— Provided data —
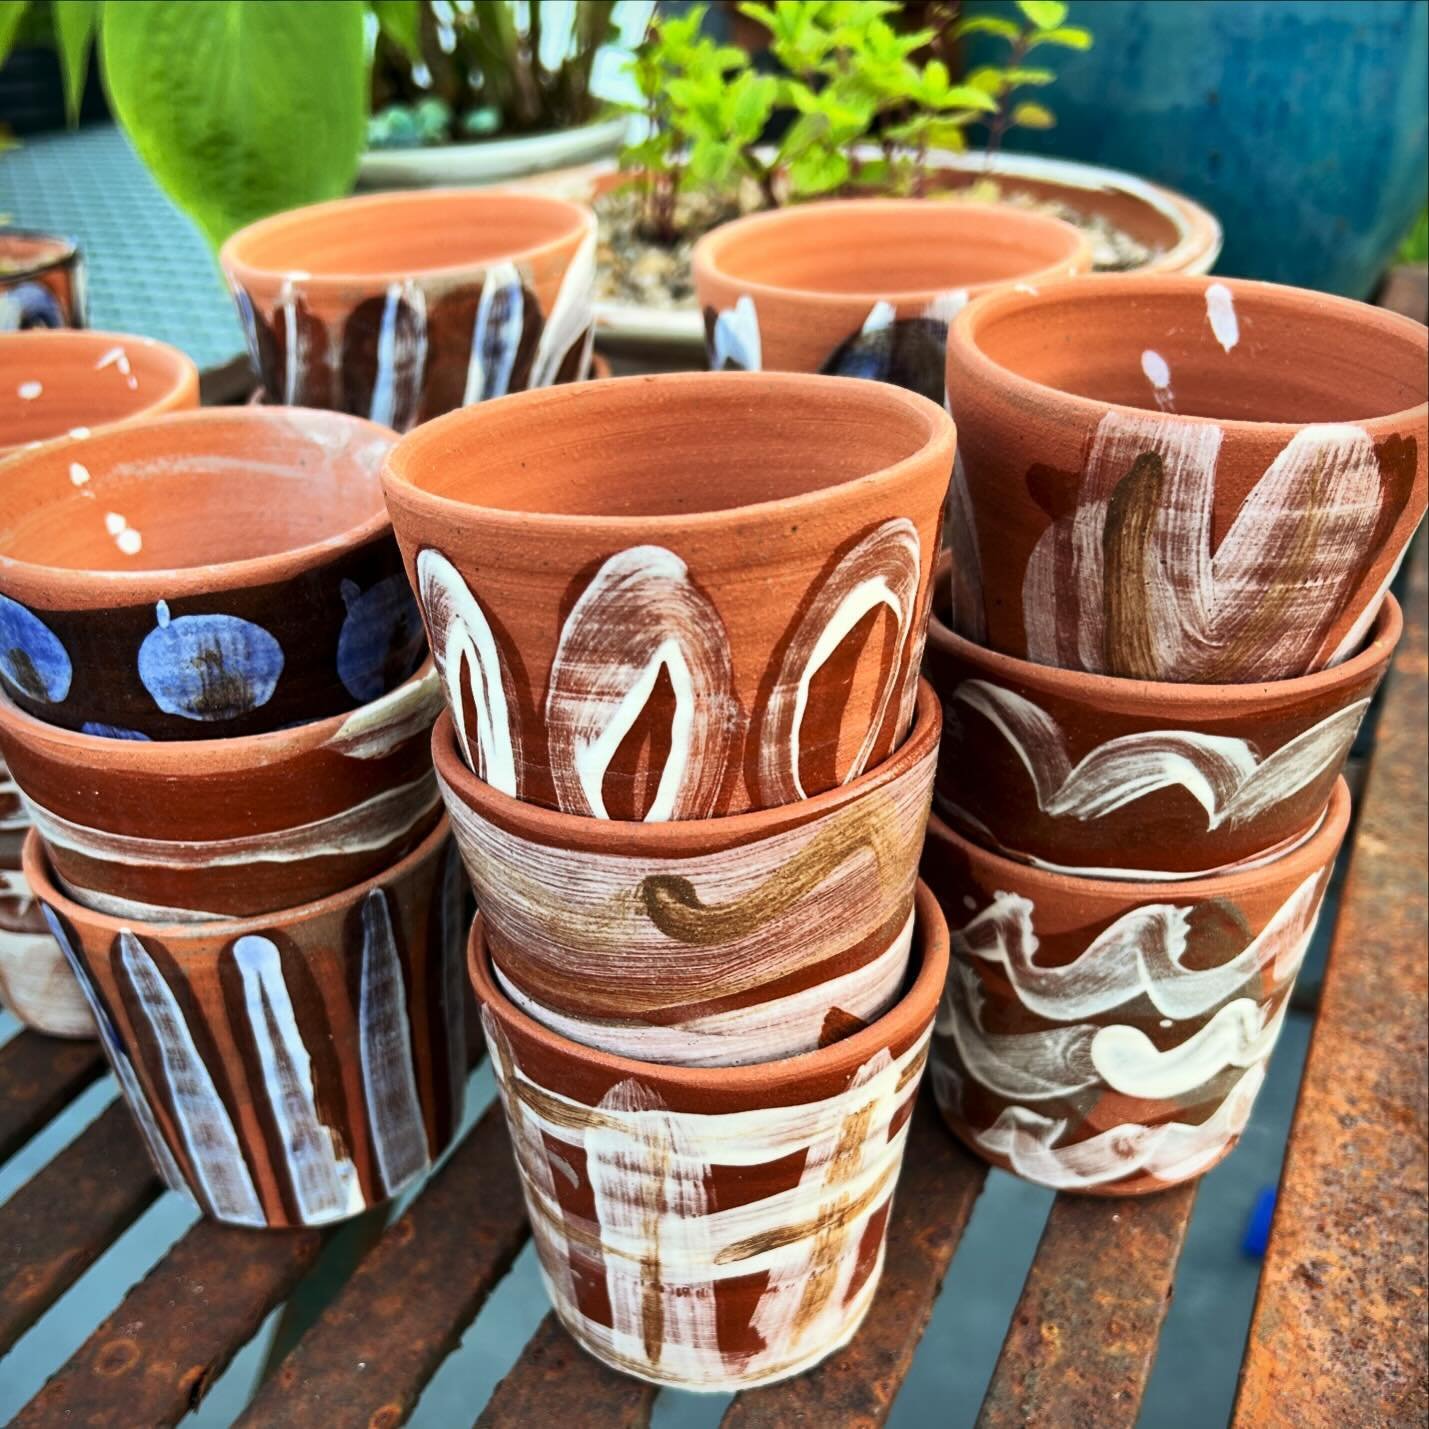 Just got half a ton of terracotta clay to throw some plantpots. These are decorated with slip and glaze and are once-fired, which means I can dust off my production throwing skills and make them in large batches.
Anyone recommend a good garden fair i
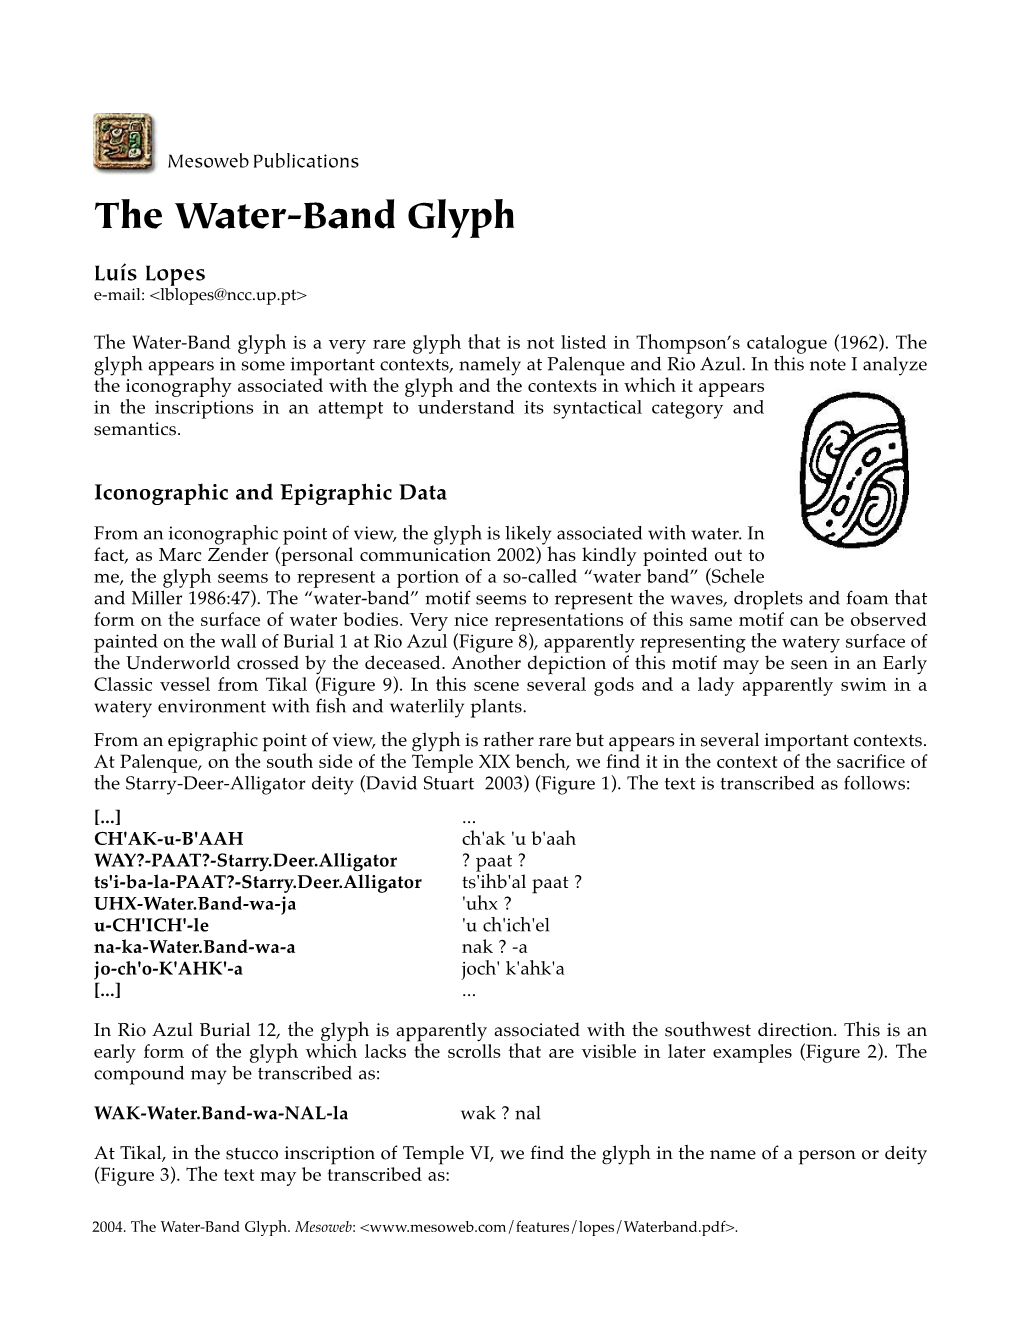 The Water-Band Glyph

— Problem details —
From the first line to the last, write out the data above exactly. Omit the pictures.

— Result for this task —
 Just got half a ton of terracotta clay to throw some plantpots. These are decorated with slip and glaze and are once-fired, which means I can dust off my production throwing skills and make them in large batches.
Anyone recommend a good garden fair i
 The Water-Band Glyph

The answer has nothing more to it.